A study this week reported producing eggs from male mice, creating baby mice with two biological fathers.But how did they do it?
The key thing to understand is that it has already been possible to grow eggs from female mouse stem cells. This new paper reported a way to convert male (XY) mouse stem cells to female (XX) cells, which could then be used in the existing method for in vitro oogenesis.
Surely some intricate chromosomal engineering was involved to get rid of the Y chromosome and add another X?
Actually, the researchers did something simpler. Stem cells (ESCs and iPSCs) are somewhat chromosomally unstable, and can randomly lose, duplicate, or rearrange their chromosomes when they divide. Usually this is unwanted behavior. For example, when I’m establishing new gene-edited human iPSC lines, I have to check to make sure this didn’t happen (and in a few cases, I’ve identified problems).

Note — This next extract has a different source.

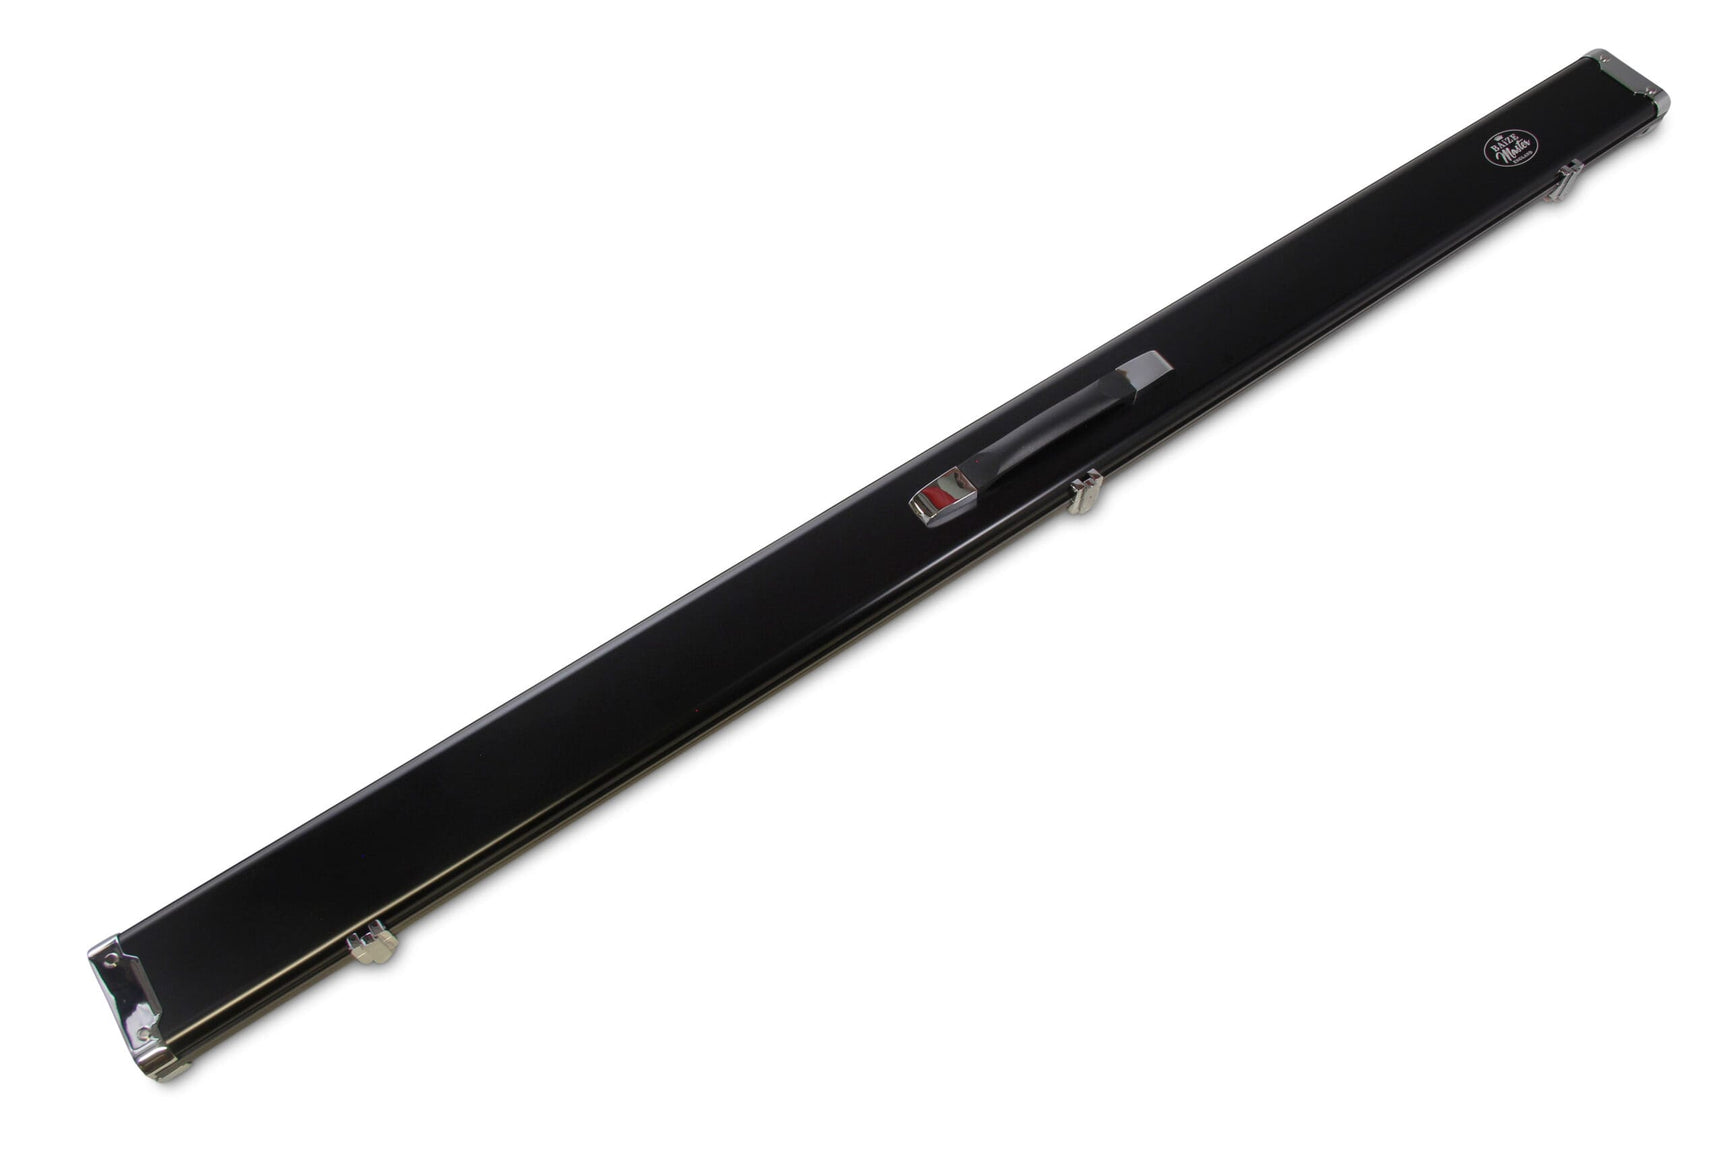 Baize Master PRESTIGE 1 Piece Metal Snooker Pool Cue Case - Holds 2 Cues + Extensions

However, for these researchers, chromosomal chaos was a good thing. In particular, male stem cells are prone to lose the Y chromosome. After culturing male mouse ESCs for a few weeks, the researchers isolated single cells and grew new ESC lines from them. Out of 87 lines generated, 5 had lost their Y chromosome.

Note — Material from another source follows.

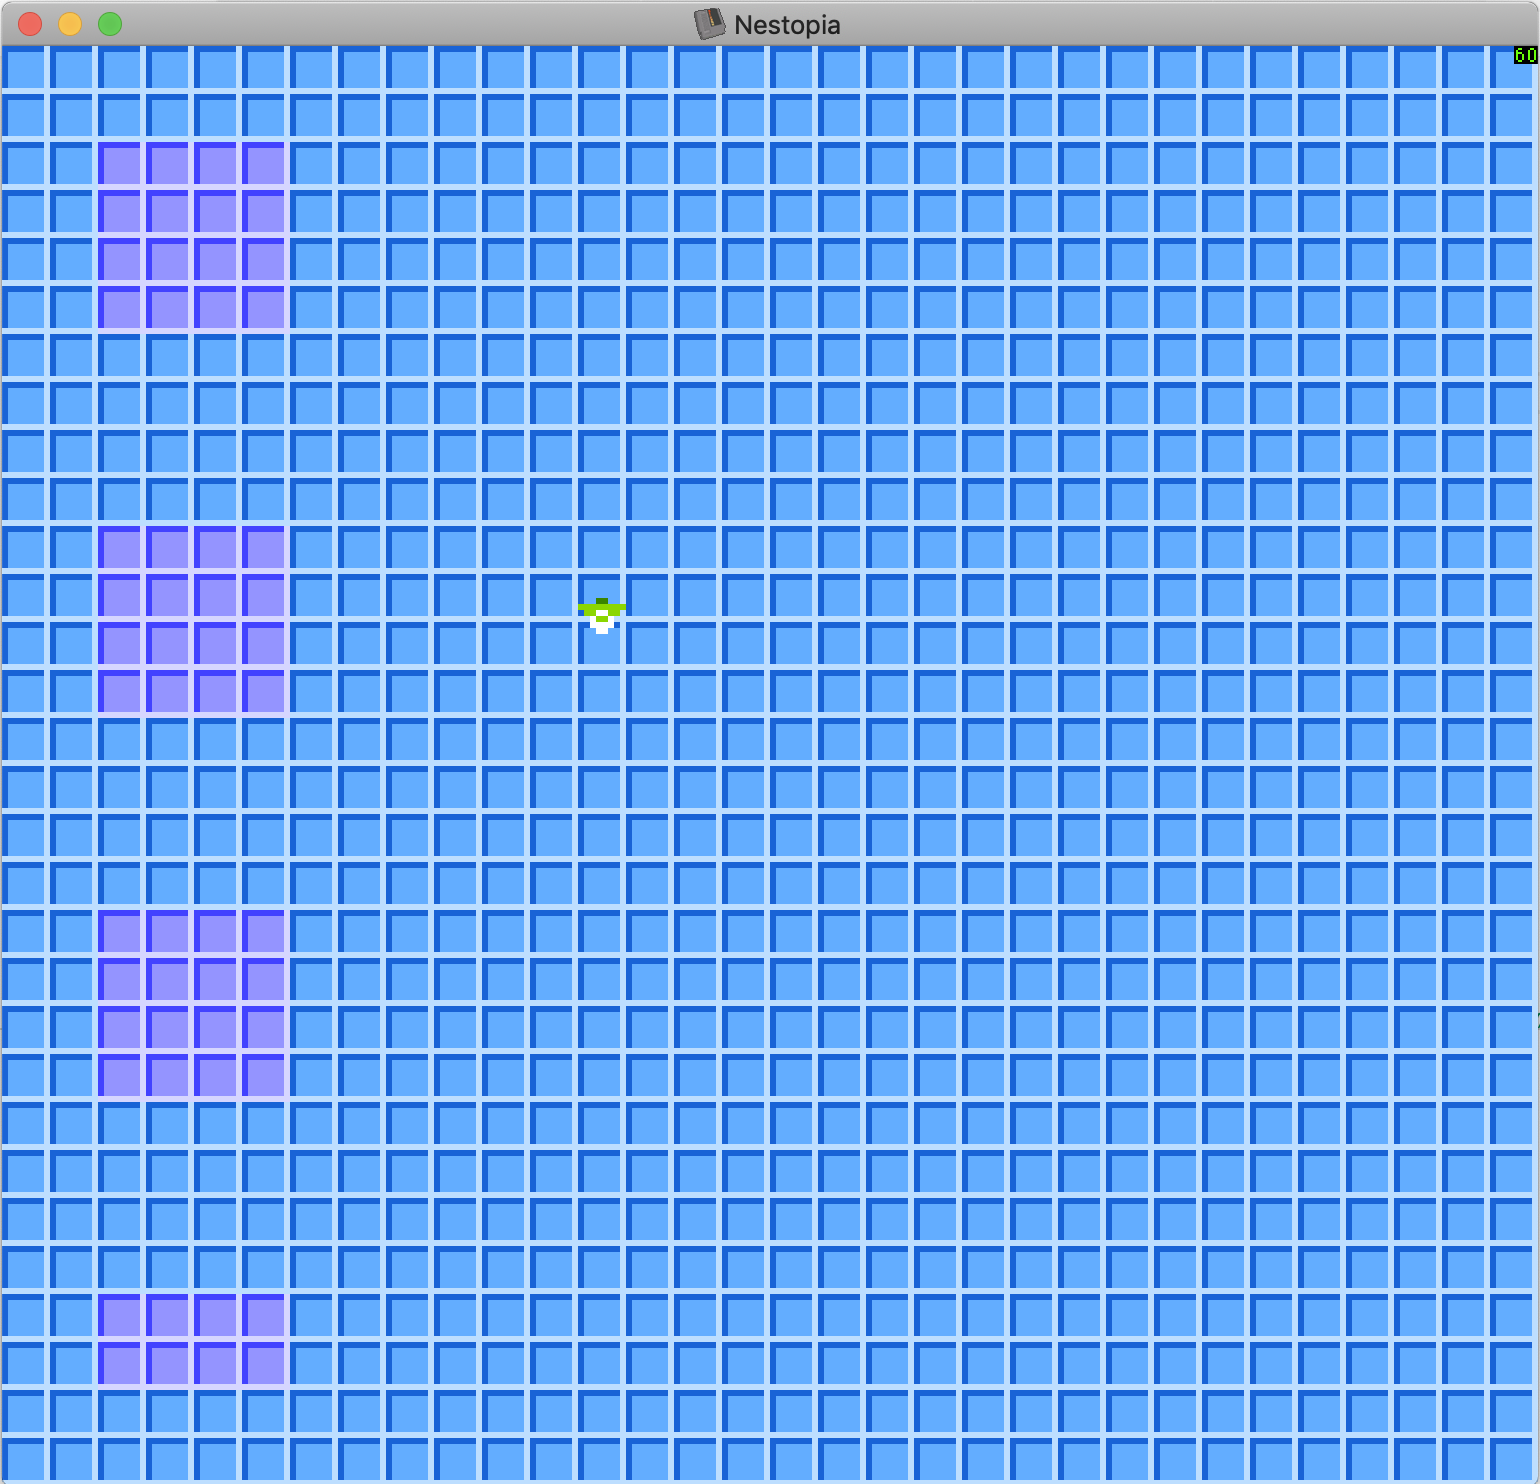 Screenshot of the game running, it shows a small green and white sprite against a three tone blue colored grid. Some sections of the grid use a three tone purple grid.

Now they just needed to duplicate the X. This wasn’t as likely to happen spontaneously, so the researchers treated the cells with reversine, a kinase inhibitor that makes cells randomly yeettheir chromosomes around during mitosis. In order to isolate cells with two X chromosomes, the researchers engineered the X chromosome to express a red fluorescent protein, and sorted cells that were redder than the overall population. This successfully gave female (XX) stem cells, which were otherwise genetically identical to the starting male (XY) cells.
At this point, it was simply a matter of following a long and technically demanding protocol to grow the stem cells into eggs, fertilize the eggs, and implant the embryos into recipient mice. This successfully gave live offspring with two male biological parents. Only a small percentage of the embryos (7 out of 630) developed properly, but the rate was not significantly different from the usual rate with in vitro-derived oocytes.
Overall, this study makes me confident that when a protocol is developed for human in vitro oogenesis (which I believe will be within a few years), it will be possible to grow eggs not only from women, but also from men.
They also generated mice with the “father” and “mother” being the same mouse. The mice are inbred anyway, so inbreeding doesn’t matter here.
The technical term for this is “mis-segregate”.
Effective use of the word 'yeet'.
That’s really exciting news.
I would be interested in a post describing why you have that timeline for in vitro oogenesis. That’s great.